Ideally, you should use lockfiles for your CI/CD or docker. To create or update the lockfile, a developer needs to install dependencies manually first (as in `pip install X` -> `pip freeze`), at which point the checks would be executed and the user would consent.
That said, it's pretty uncommon to use lockfiles with pip, so I'm considering creating something like a plugin for poetry or uv, if there is demand?
Quite a few people use requirements.txt files with pip actually.

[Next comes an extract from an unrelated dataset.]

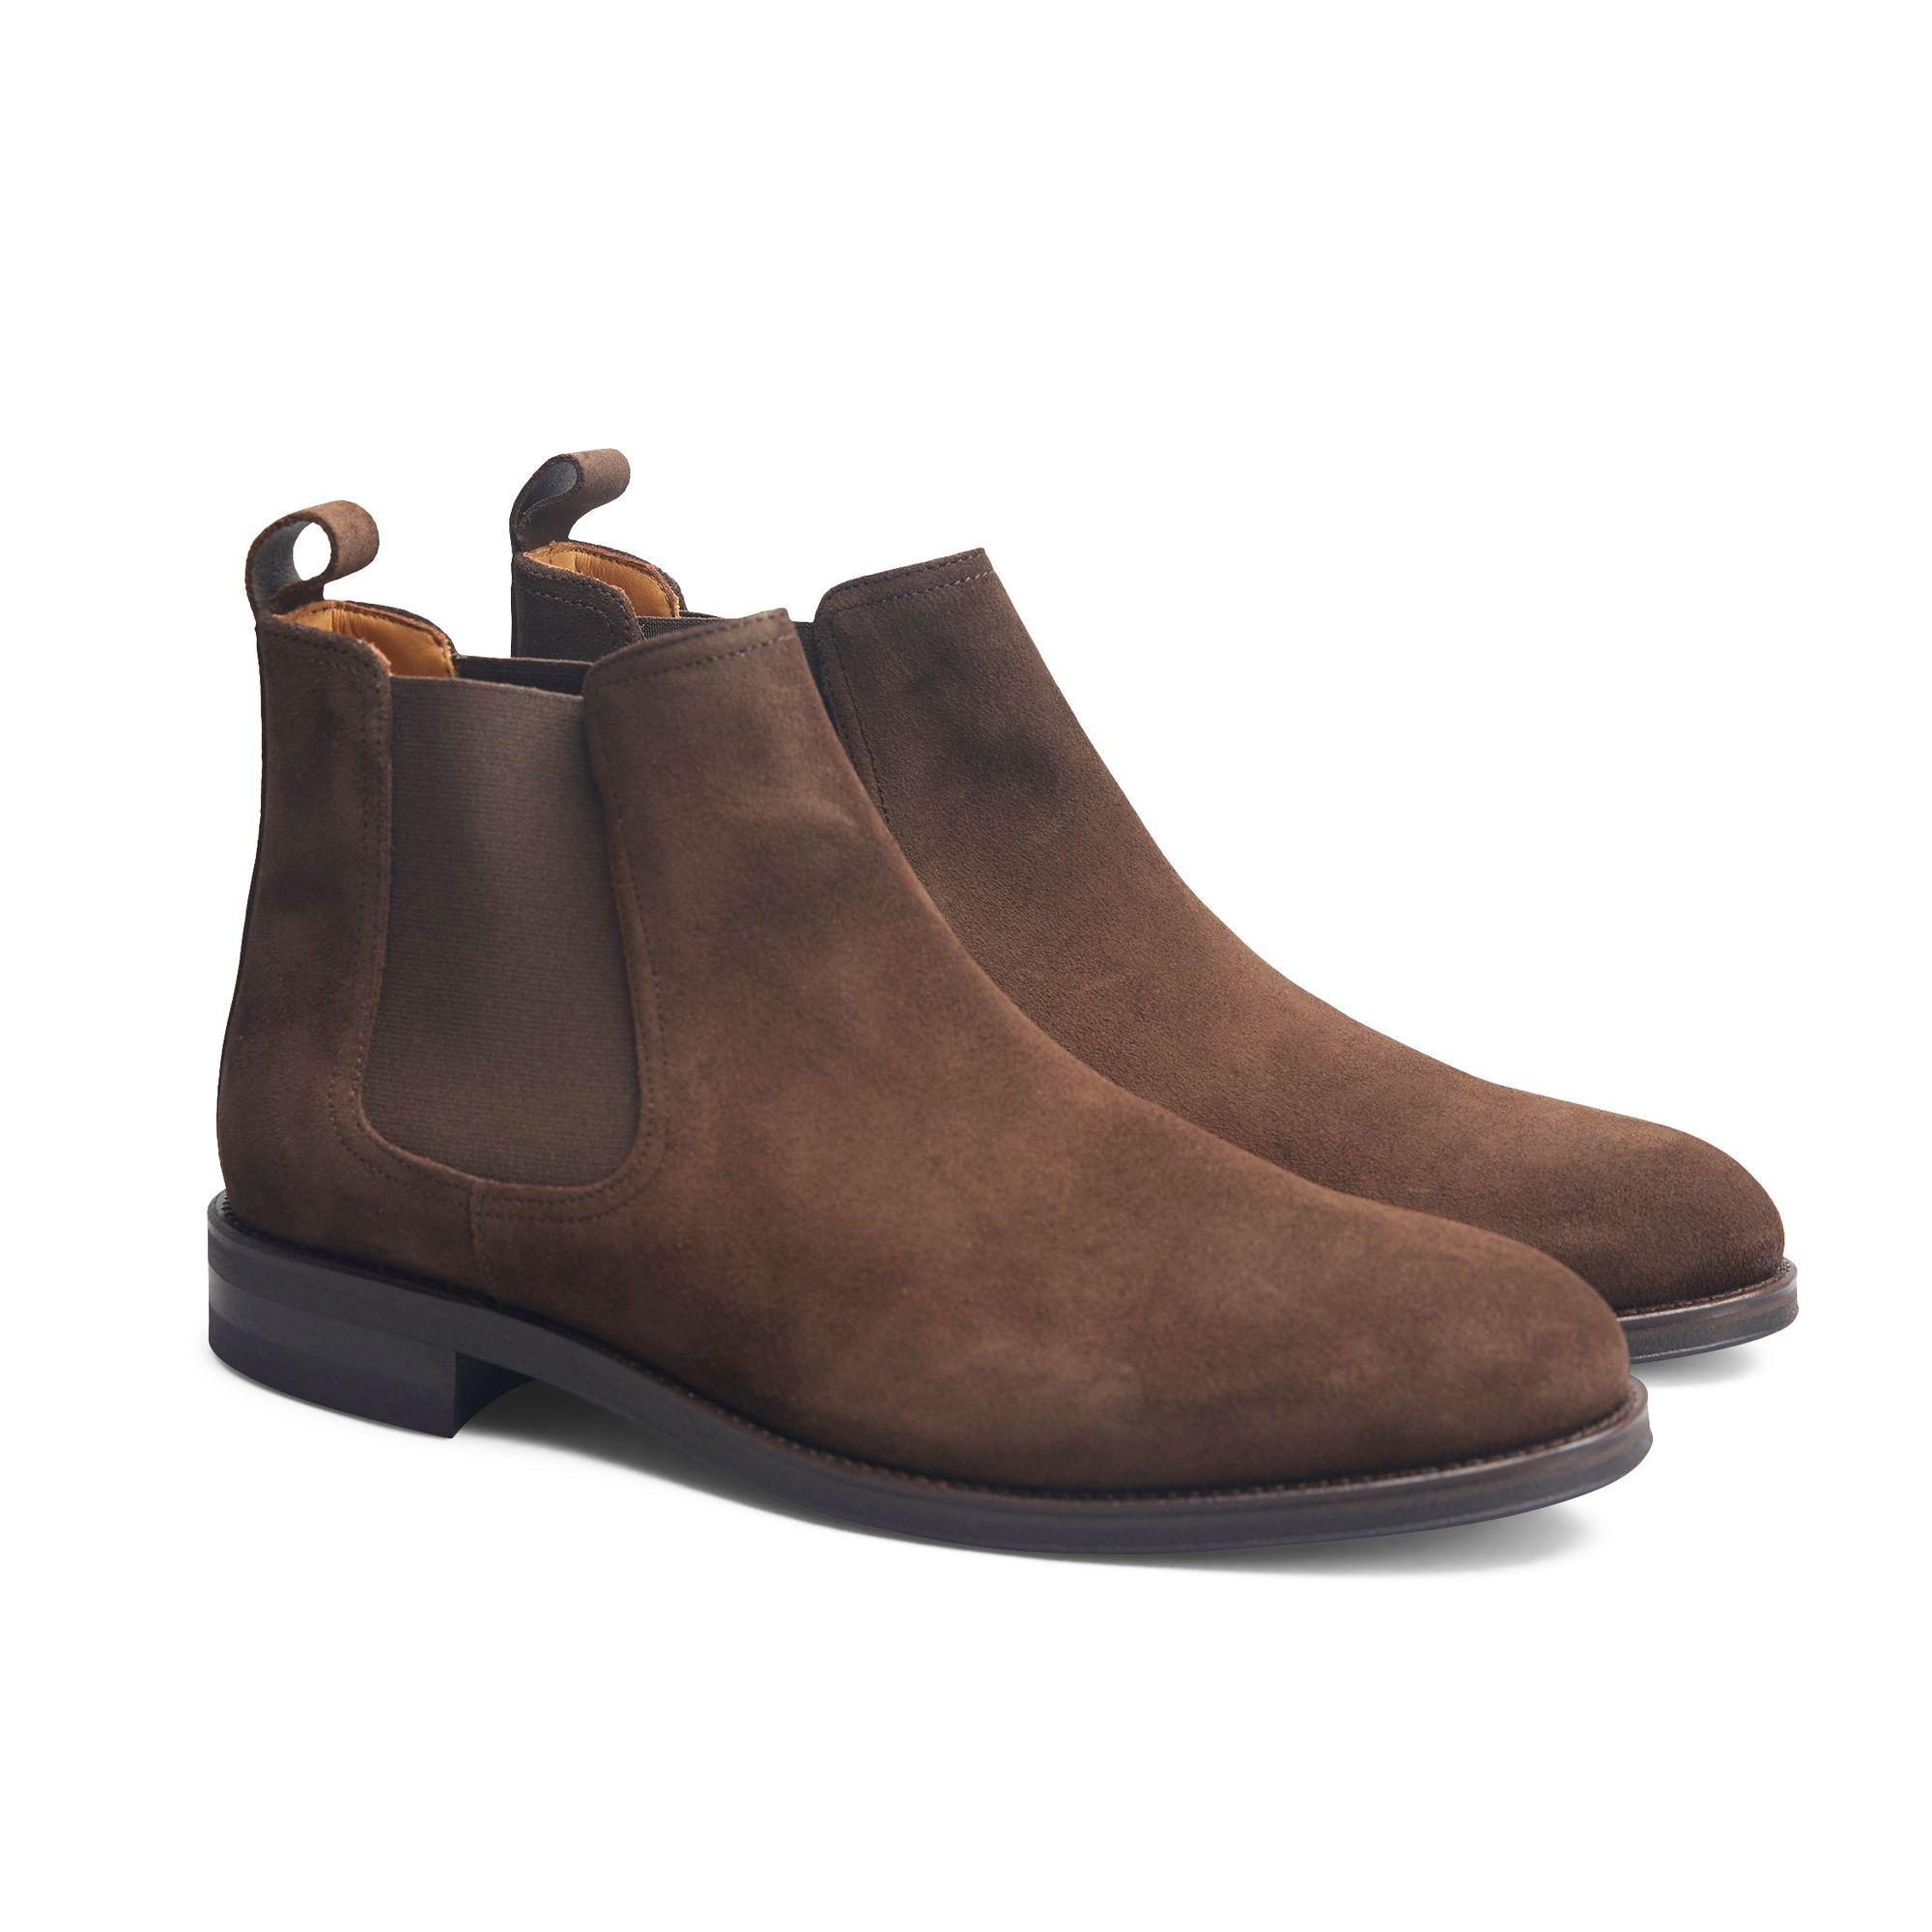 64e3c0a20de Chelsea Boots - Ormskinnsm nstrad finns på PricePi.com.

I've seen many projects that even expect end users to do so. You might not notice - exactly because they aren't packaging for PyPI.
Sure, they presumably have a local dev environment where they install dependencies to test their own code.

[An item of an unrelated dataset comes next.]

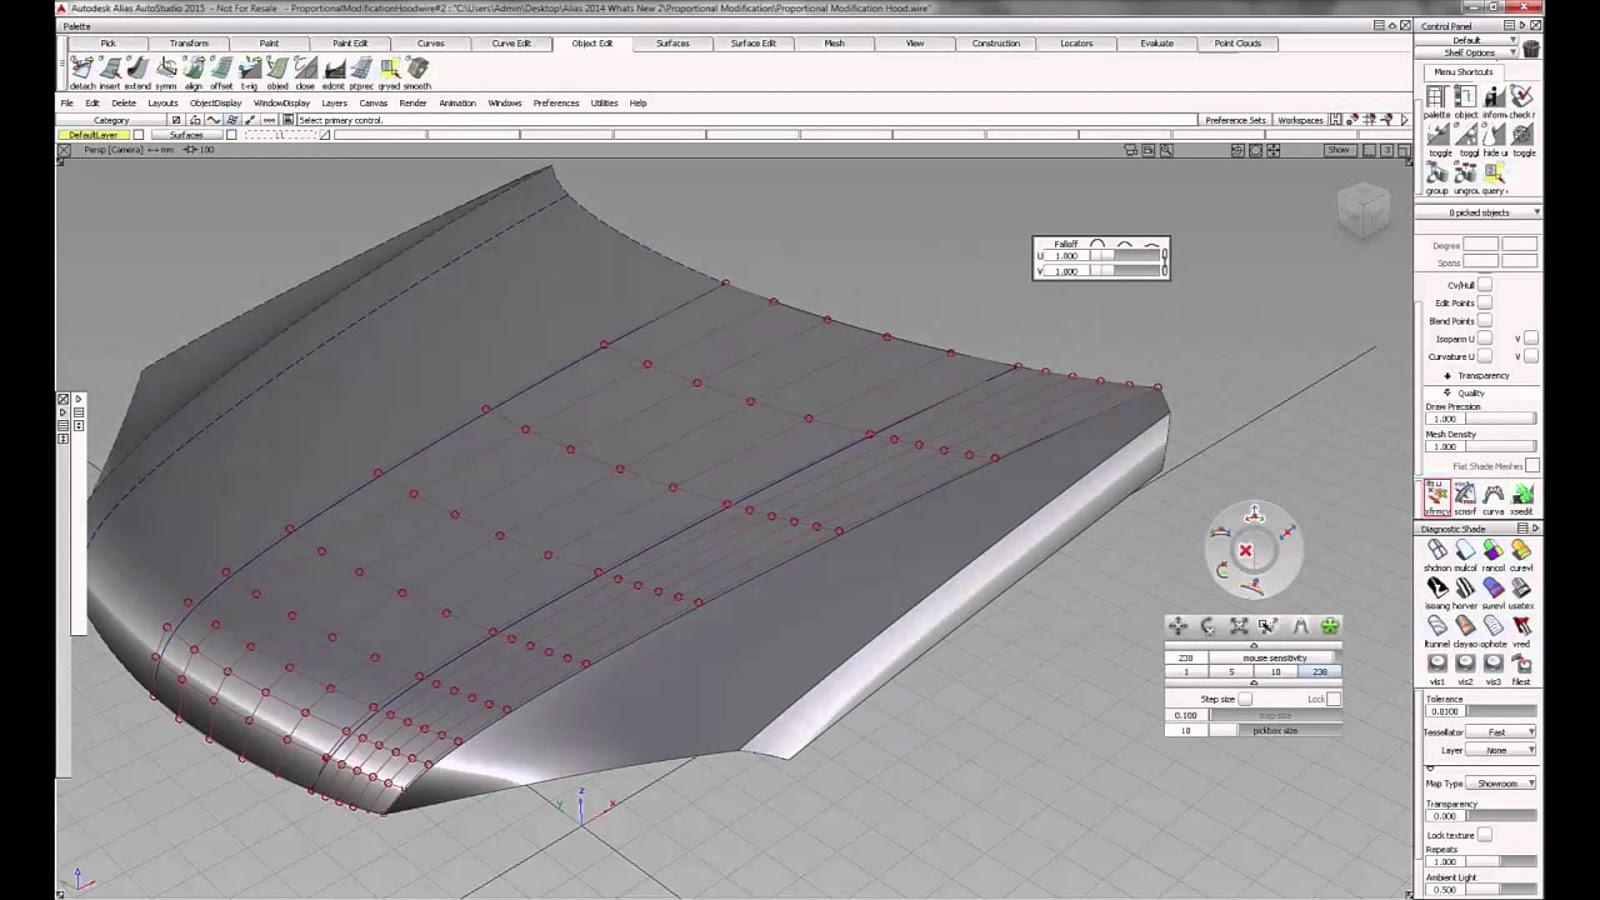 Autodesk Alias AutoStudio 2015 Free Download Offline

But there are a lot of possible workflows around that. Some people might separately install things one at a time according to what they appear to need as they're developing, and then use `pip freeze` to create the `requirements.txt` file. Others might edit `requirements.txt` directly, and repeatedly re-create their environment based off that. Still others might involve any number of tools here, such as pip-tools (https://pypi.org/project/pip-tools/), pipenv (https://pypi.org/project/pipenv/), etc.
As long as they run `pip install` locally at any point in their process before pushing to the repo, they should get the opportunity to see the pipask report.
That said, it's pretty uncommon to use lockfiles with pip, so I'm considering creating something like a plugin for poetry or uv, if there is demand?